In languages and libraries that allow FSM and pure functional kernel based designs you can get just as clear logic that is expressible not just to the programmer but also to business personnel. It's counter-intuitive to a certain extent because so much of programming is built around imperative programming but FSM based logic is and will continue to be easier to understand long term because you can trivially visualise it graphically. This ultimately is what a lot of the functional paradigm is built around. Use the mathematical and graphical representations we've used to understand systems for decades. They are well understood and most people can understand them with little to no additional education past what they learned in their business or engineering bachelors degrees.
Most professions have a healthy respect for the base materials they work with no matter how high the abstractions and structures they build with it go. Artists know their paints, stone, metal, etc. Engineers know their melaterials as well. They build by taking the advantages of each material into consideration, not assuming that it's no longer relevant to their job because they get to just work in I-beams. Programmers would do well to adopt a healthy respect for their base materials, and it seems like often we don't.
I disagree with how your use of "just" here. It's common for programmers to dismiss the importance of syntax but syntax and notation are the interface and UX between the language semantics and your brain. It's no less important to get this right. There's a half-joke that Europe was able to rapidly advance in Calculus beyond Britain due to the superiority of Leibniz notation.
> healthy respect for their base materials
What's unique about computers is the theoretical guarantee that the base does not matter. Whether by lambda calculus, register machines or swarms of soldier crabs running from birds in specially designed enclosures, we're fine as long as we appropriately encode our instructions.
> bunch of branches and loops
You could also easily say it's just a bunch of state machines. We outsource tedious complexity and fine details to compiler abstractions. They track things for us that have analogues in logical deduction so that as long we follow their restrictions, we get a few guarantees. When say, writing asynchronous non-deterministic distributed programs, you'll need all the help you can get.
Even designing close to the machine (which most programs will not need) by paying attention to cache use, memory layout, branch divergence or using SIMD remain within the realm of abstractions.
It is a must, because decades of business requirement built on top each other without understanding the whole is complex. Writing a JIT-compiler that can routinely change between interpreting code and executing it natively, a database optimizing queries, a mathematical library using some fancy algorithm are all complex, in a way that is not reducible.
Complexity easily outgrowth even the whole of our mathematics, we can’t prove any non-trivial property of a program, halting problem, etc.
So all in all, no, we can only respect our “base materials” by finding the proper abstraction for the problem, as our base material is complexity itself. It might be for loops and ifs, but it very well be a DSL built on top of who knows how many layers, because at that abstraction level can we even start to map the problem domain to human consumable ideas.

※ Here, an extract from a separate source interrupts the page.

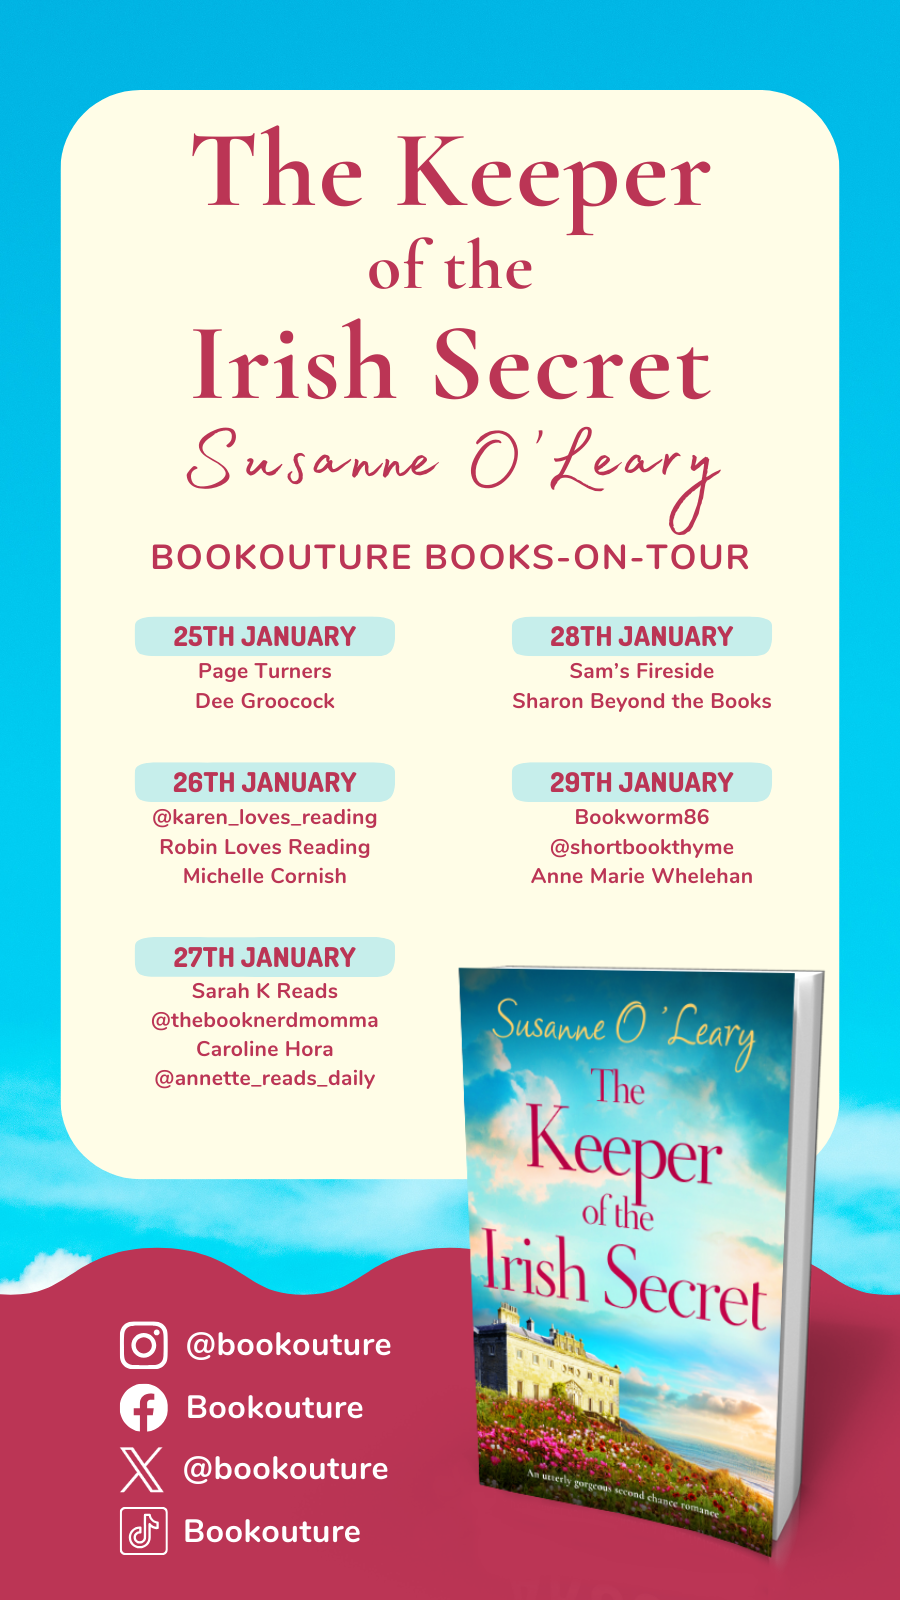 The Keeper of the Irish Secret Blog Tour

In my experience programming programming with primitives and basic flow control operations frequently tends to be at least be order of magnitude faster than more complex state management paradigms. Compilers are very good at optimizing that style of code. Loops often get unrolled, the and the branch predictor is kept happy. A good compiler may use vector expressions.
In many cases with cold code it flat out doesn't matter, the CPU is plenty fast, but when it does matter, explicit if-and-for code absolutely mops the floor with the alternatives.

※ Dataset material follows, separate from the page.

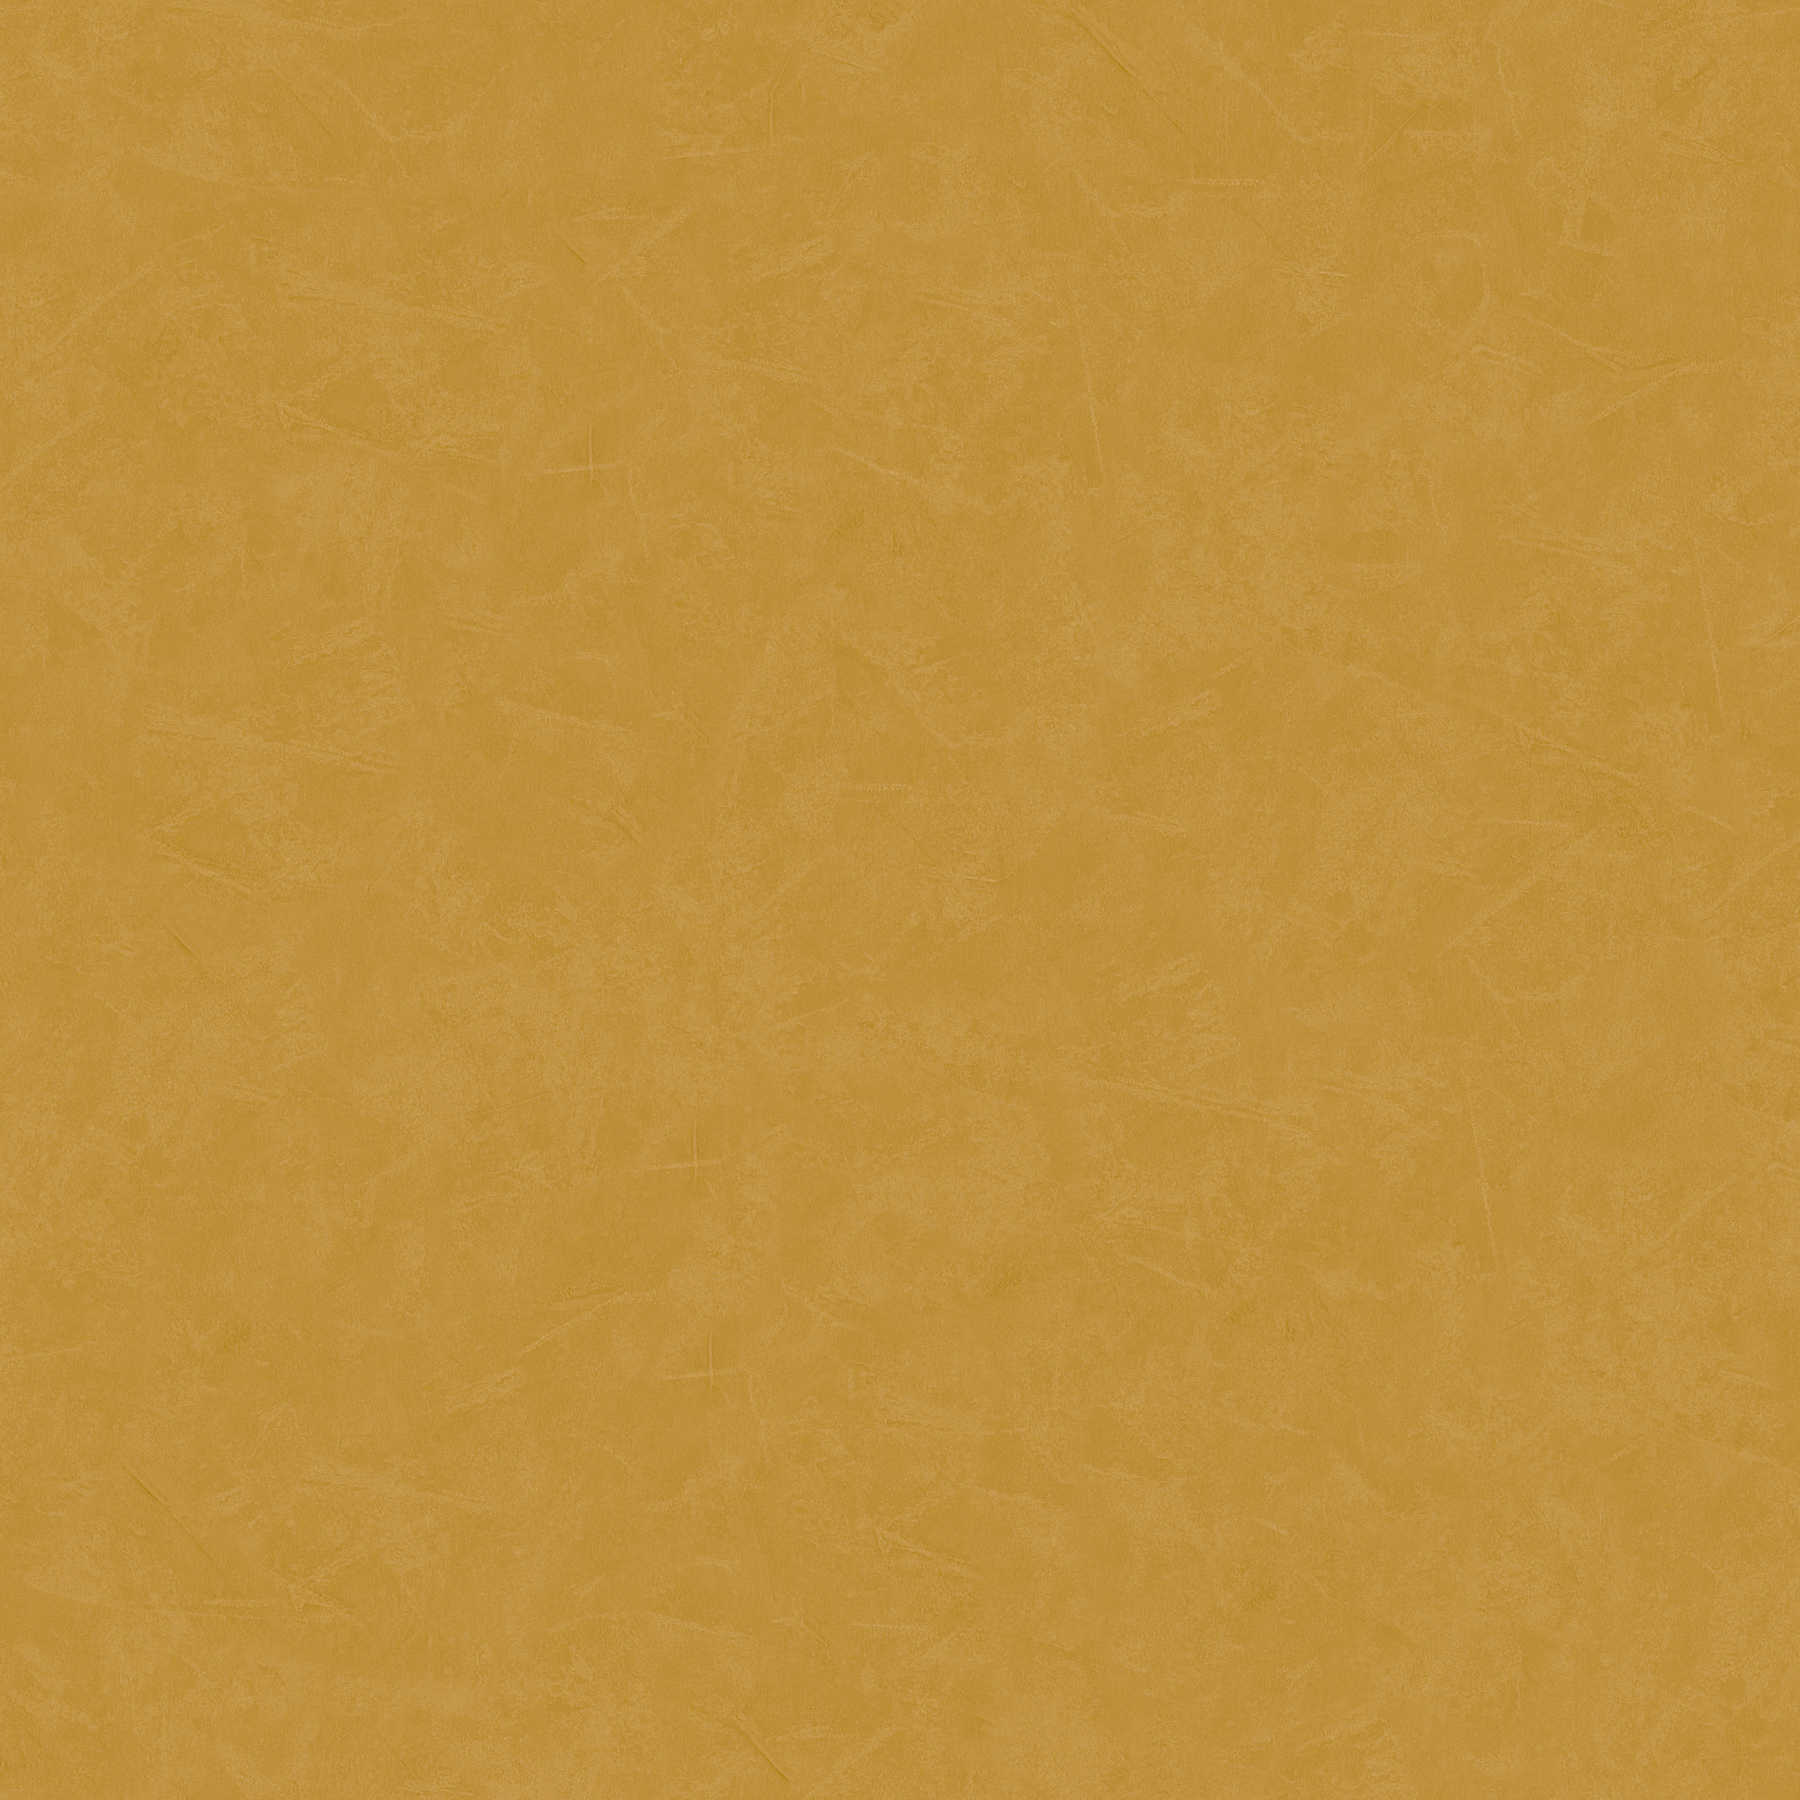         Non-woven wallpaper plains with plaster look & texture pattern - yellow, ocher

You can optimize one specific query (quite painstakingly, I believe) to beat a general db, but it is very far from clear that “for loops will beat higher level abstractions”, imo.
With my own set-up I can have my data in pre-calculated immutable tables that are memory mapped off disk. That means I can write lock-free code. My updates are large hour-long batch operations off a written journal.
For the lexicon I'm also rolling a special one-way compression scheme/hash function that guarantees uniqueness but only works due to quirks with the data.
General purpose databases can't do these things, because then they wouldn't be general purpose databases.
SQL databases perform really well on average given your query is relatively optimized, but they do not represent the pinnacle of performance. Any time you want the fastest most efficient code to deal with a particular use case, it pays enormous dividends to roll your own implementation that has domain awareness. It means you can cut corners general solutions simply can't.
I’m yet to see a secretary who could “return a new table state such that as if documents became a right fold as binding together a map of composition of signing and copy routines over documents” instead of “get these documents from the table, copy, sign and put them back in a binder”. This is a nonsense some of us want to believe in, but it is not true.
If the project had instead been designed to have less unnecessary state and “transitions” it would have been a lot easier to make changes.
All those ideas sound good by themselves but they are really bad for “defensive” coding. Good luck selling a project to refactor something when it’s going to take multiple people-years. Once you’ve made the mistake of committing to an inflexible design it’s either that, replace/ignore the thing, or deal with low productivity as long as the thing exists.
Imperative code:
Take A and B.
Add C ml of Water.
Stir for 2 minutes.
If it thickened, add D grams of flour, else go back to stiring.
Imperative code quickly devolves to a point where it is no longer understandable by anyone but the developers who wrote it.
For problems where those are the right tools, sure. But they aren't the right tools for all problems any more than ifs and for loops are.